The club was founded in 1887 in a setting of wild dune land. Many holes feature blind or partially blind shots, although the unfairness element has been reduced somewhat, after several 20th century modifications.

The club’s Challenge Trophy dates from 1888 and is one of the oldest trophies in golf; it has been contested annually except for war years. The course also possesses the deepest bunker in championship golf, located on its fourth hole.

Is certainly one of the most difficult courses in the world. Huge sand hills come into play, especially on the front nine, with the largest of these standing guard to the right of the demanding par-4 4th hole, a 2-story bunker that is one of the most intimidating sights to be found in the British Isles. Shored up by large railway sleepers, it stands 290 yards from the newly-built championship tee.
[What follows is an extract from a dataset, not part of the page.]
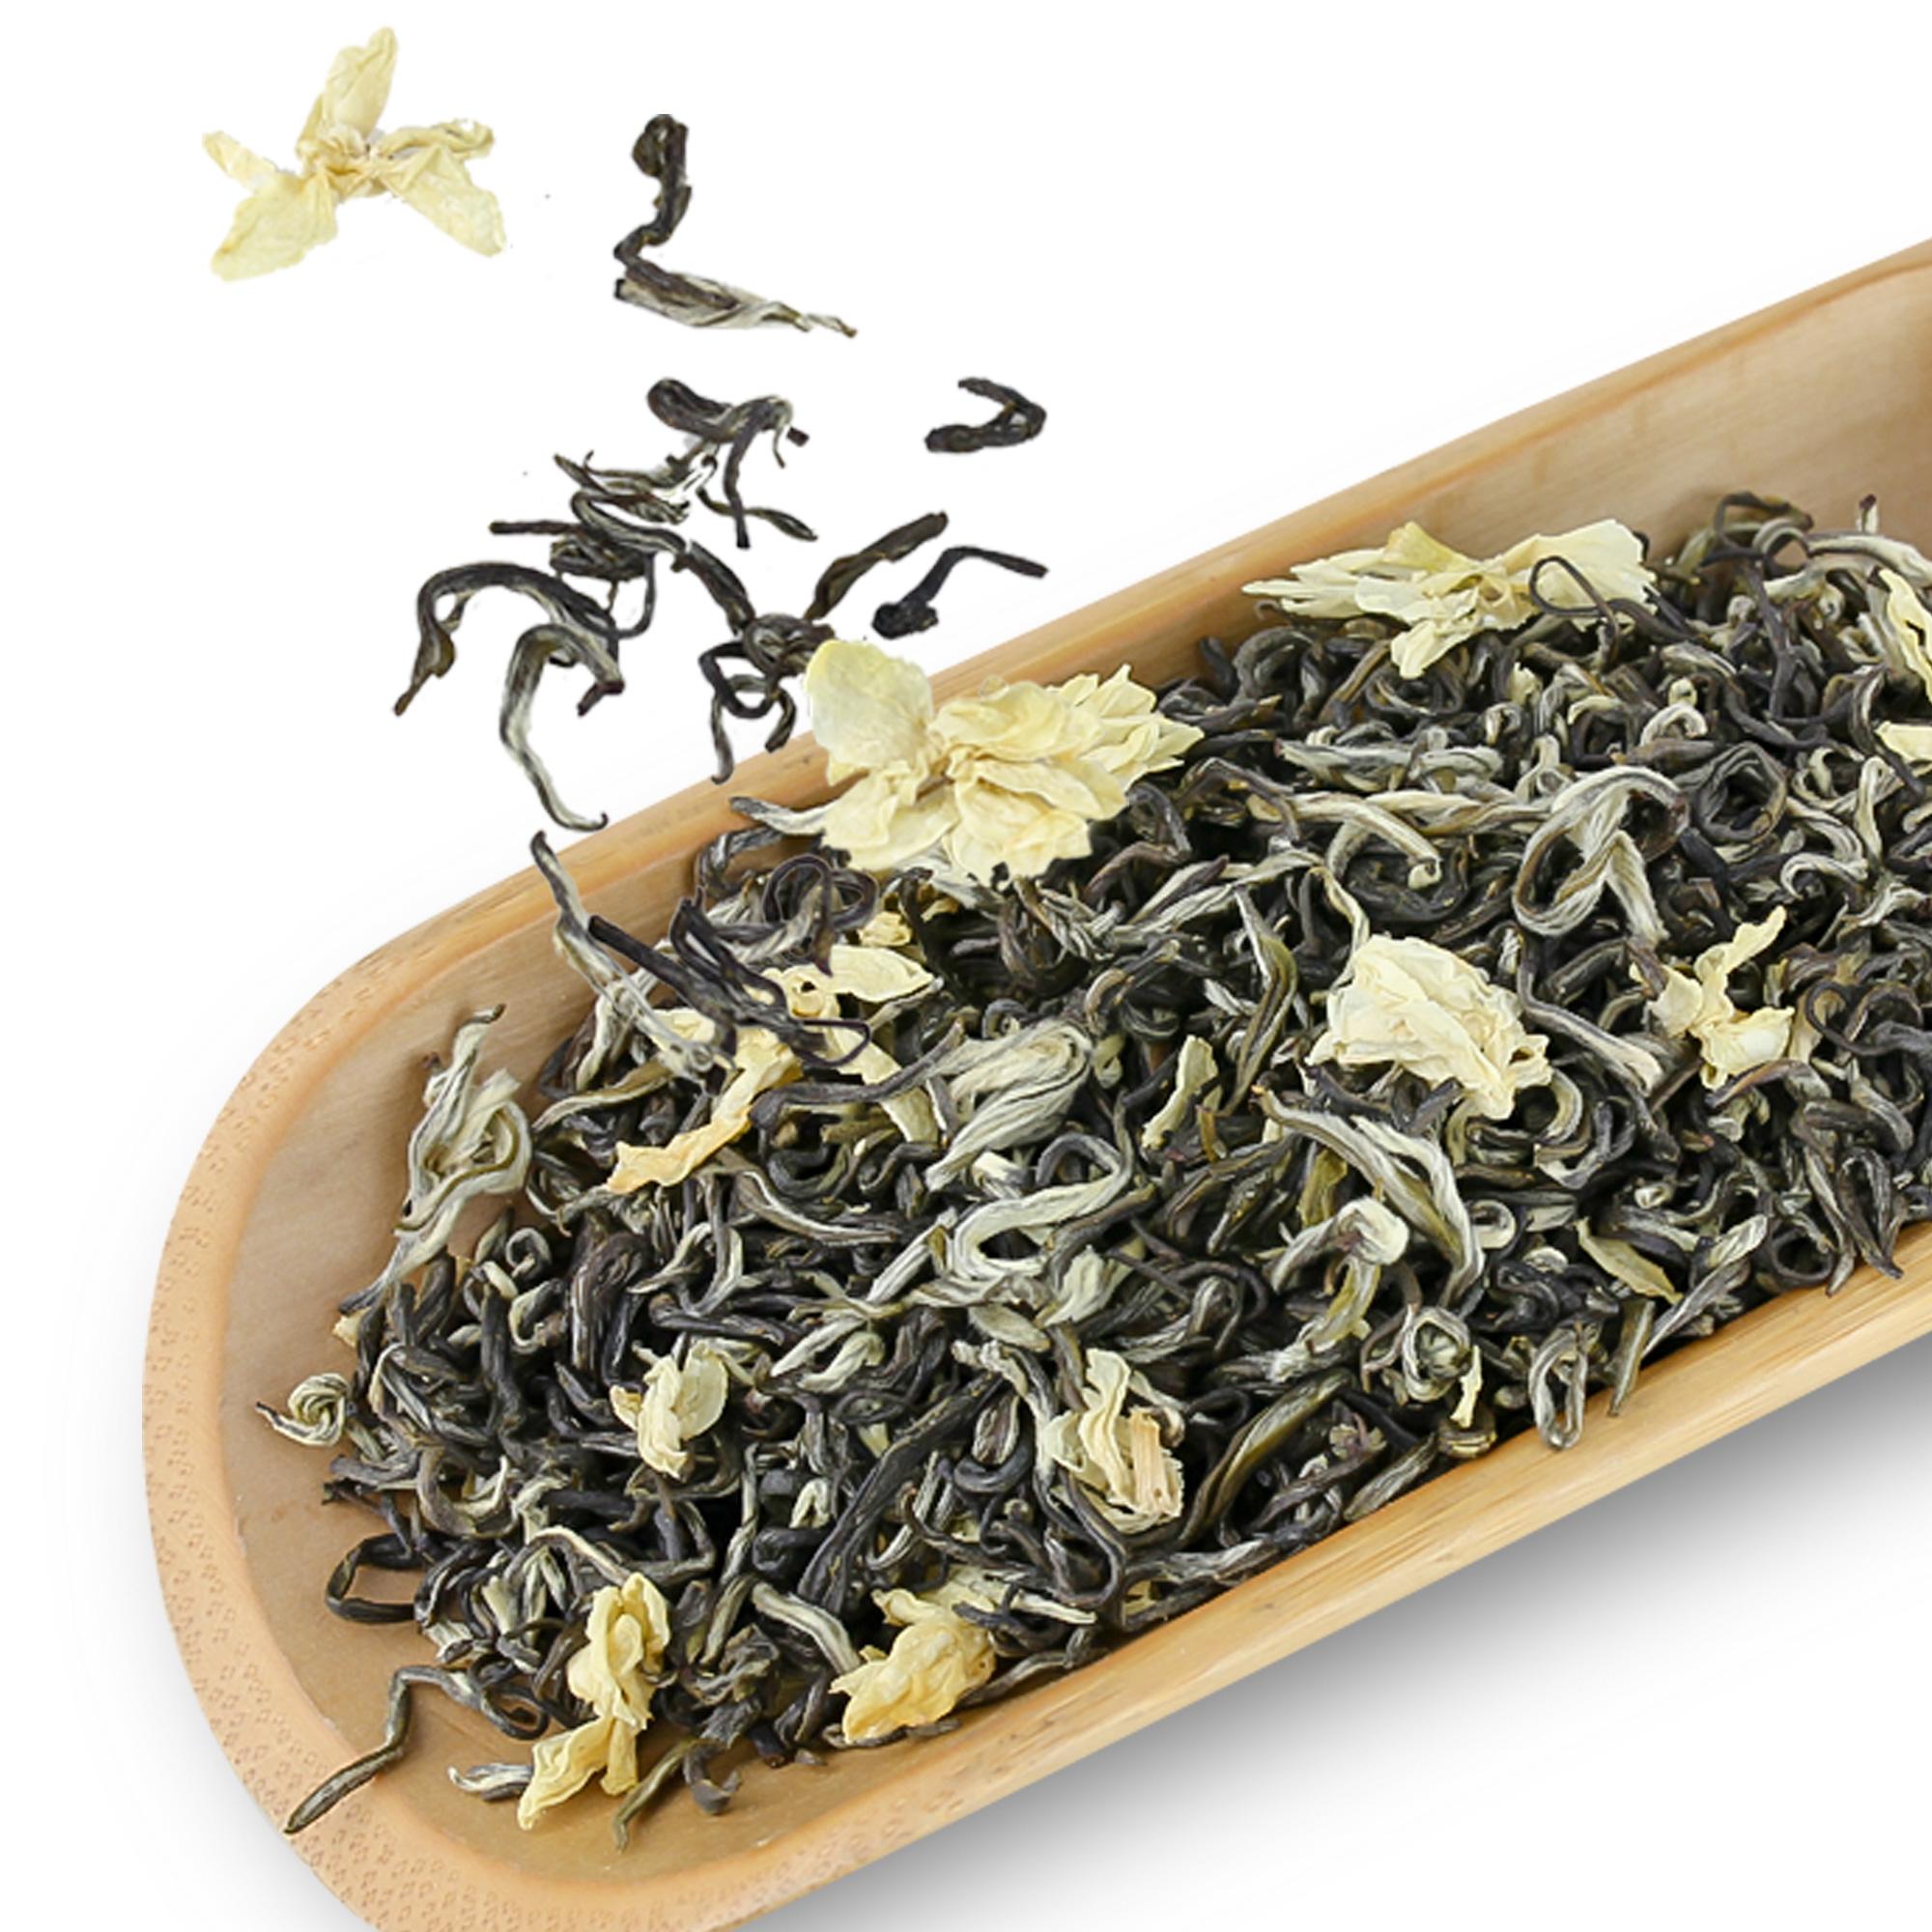 罐装 250g 新茶带香浮飘雪浓香型茉莉绿茶特级四川茶叶 2018 茉莉花茶

Other memorable holes at Royal St. George’s include “The Maiden,” the famous par-3 6th in the dunes that used to be blind before a new tee was built, and the par-5 14th, “Suez Canal,” with the canal crossing the fairway, and out of bounds hugging the entire right side. It is a huge golf course, with nothing even close to a parallel fairway, and the landscape is rugged and tough. Two balls only here (a policy we enthusiastically endorse!), which allows quick, three-hour rounds on the spongy turf, and the chance to play 36 and feel like you only played 18. The clubhouse is one of the absolute best, and the club itself is a classic.

Bill Rogers, Sandy Lyle, and Greg Norman have recorded at Royal St. George’s memorable victories and Ian Fleming used the Royal St. George’s course under the name “Royal St. Marks” in his 1959 novel Goldfinger.